Effects of GAPDH-knockdown on MAO B mRNA level and DNA damage in U-118 MG cells. (A) Western blot analysis of GAPDH-knockdown mediated by siRNA. Cells were transfected with control-siRNA or GAPDH-siRNA for 3 days. Equal amounts of total protein from each supernatant solution were resolved by SDS/PAGE and blotted by anti-GAPDH antibody. (B) Effects of GAPDH-knockdown on MAO B mRNA level. Control-siRNA-transfected cells or GAPDH-knockdown cells were treated with ethanol (75 mM) for 2 days, and then the MAO B mRNA level was determined. *, p < 0.0005 compared with control-siRNA transfected cells in ethanol-treated group. (C) Fluorescence showing TUNEL(+) cells and TUNEL(−) cells after treatment with ethanol in control-siRNA transfected cells or in GAPDH-knockdown cells. (a) Photomicrographs show representative cells from each treatment group (ethanol treatment was 2 days); arrows indicate apoptotic cells. (b) Percentage of cells that contain damaged DNA (green fluorescence) induced by ethanol (0, 2 or 3 days) as revealed by the TUNEL assay.
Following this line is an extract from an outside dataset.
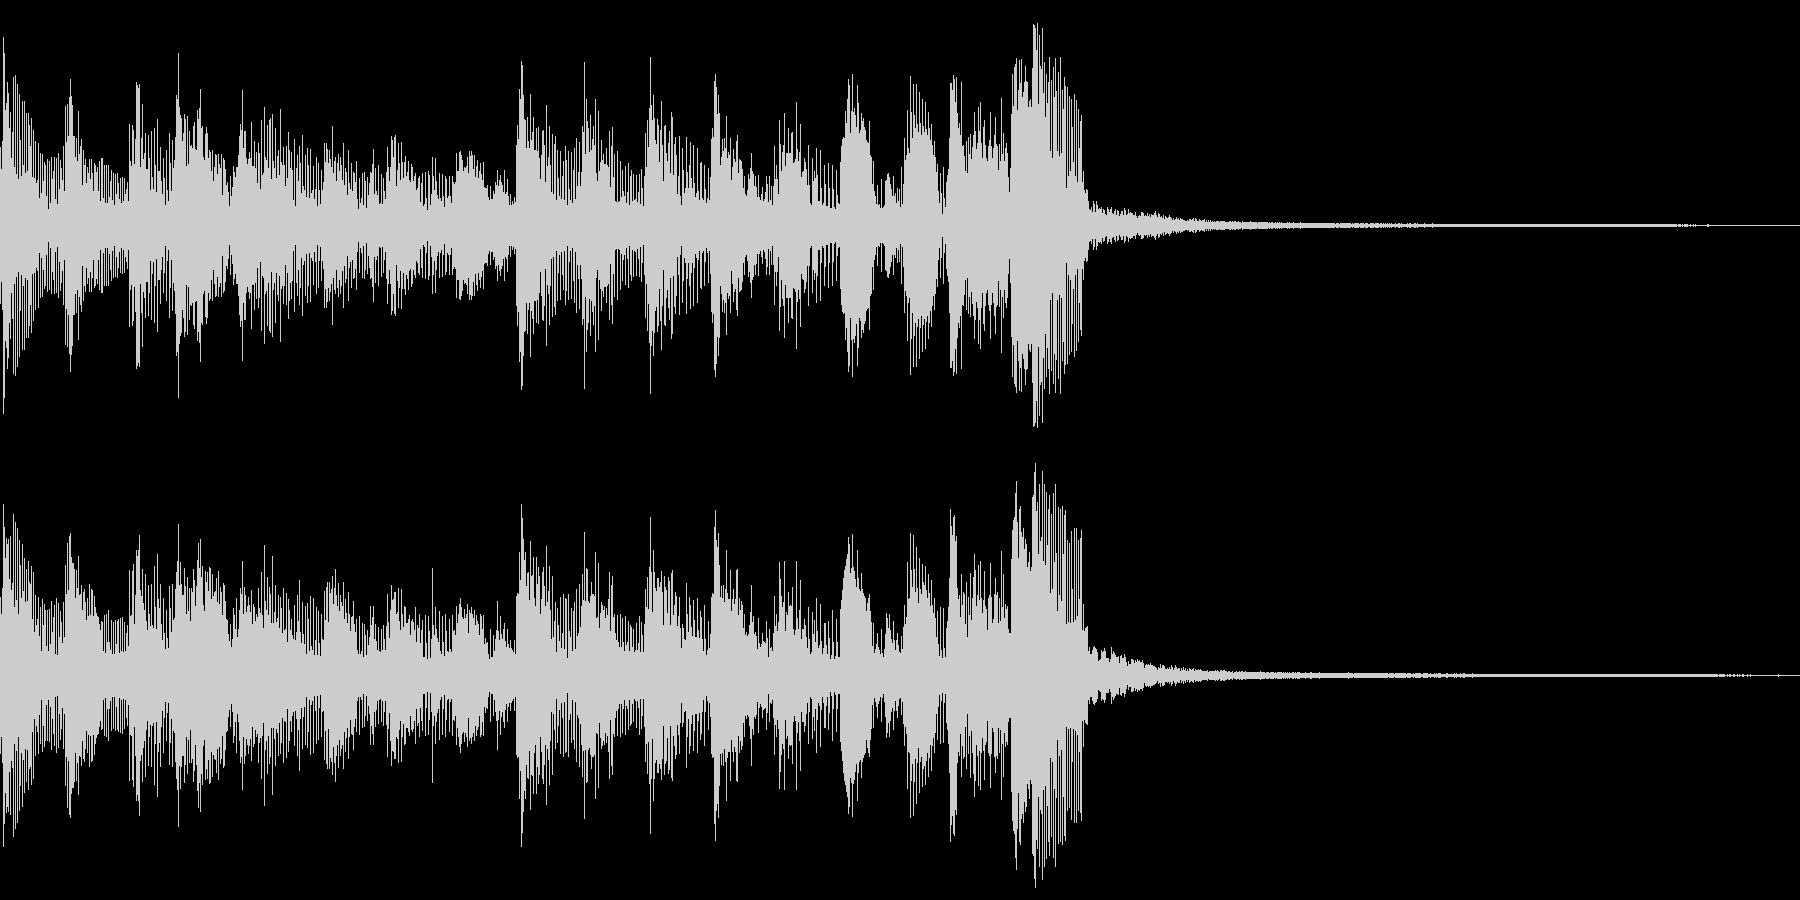 ウクレレ、ホンキートンクピアノ、オ...の未再生の波形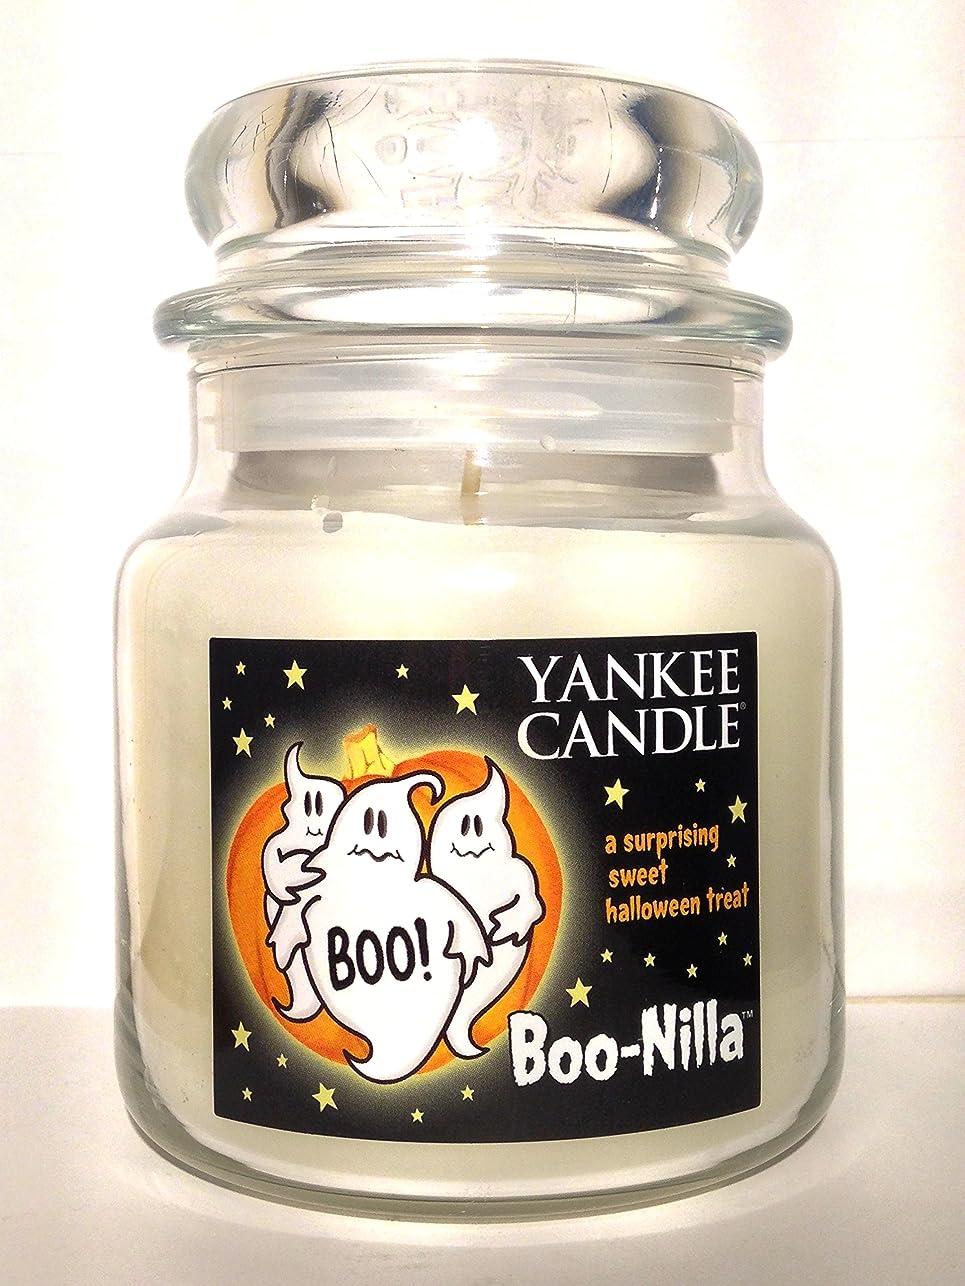 ベンチ等民間Yankee Candle boo-nilla Boonilla Vanilla Marshmallow香りHalloween Candle

Experiments were done in duplicate in three independent evaluations. The average counted cell numbers are 775, 694, 758, 983, 716 and 695 from lane 1 to lane 6, respectively. *, p < 0.001 and ** p < 0.0001 compared with control-siRNA-transfected cells in the ethanol-treated groups.

Fig. 6

Effects of MAO B inhibitor (selegiline) on ethanol-induced GAPDH nuclear translocation, MAO B mRNA level and the generation of toxic H₂O₂. Cells were treated with 75 mM ethanol without or with selegiline (0.25 nM) for 48 h (for immunofluorescence and mRNA level) or 72 h (for Western blotting and measurement of H₂O₂ generation). GAPDH nuclear accumulation was determined by (A) immunofluorescence microscopy and (B) Western blotting. Nuclear proteins were isolated from cells that were treated with ethanol or with both ethanol and selegiline for 72 h and were analyzed with anti-GAPDH antibody as indicated. Quantitative analysis of optical density of GAPDH (normalized to the density of histone H4) is shown at the bottom. *, p < 0.0001 compared with ethanol-treated group (without selegiline). (C) MAO B mRNA levels and (D) generation of H₂O₂ were also determined. Controls were cells treated with ethanol alone which were taken as 100%. *, p < 0.001 and #, p < 0.005. Data represent the mean ± S.D. of three independent experiments.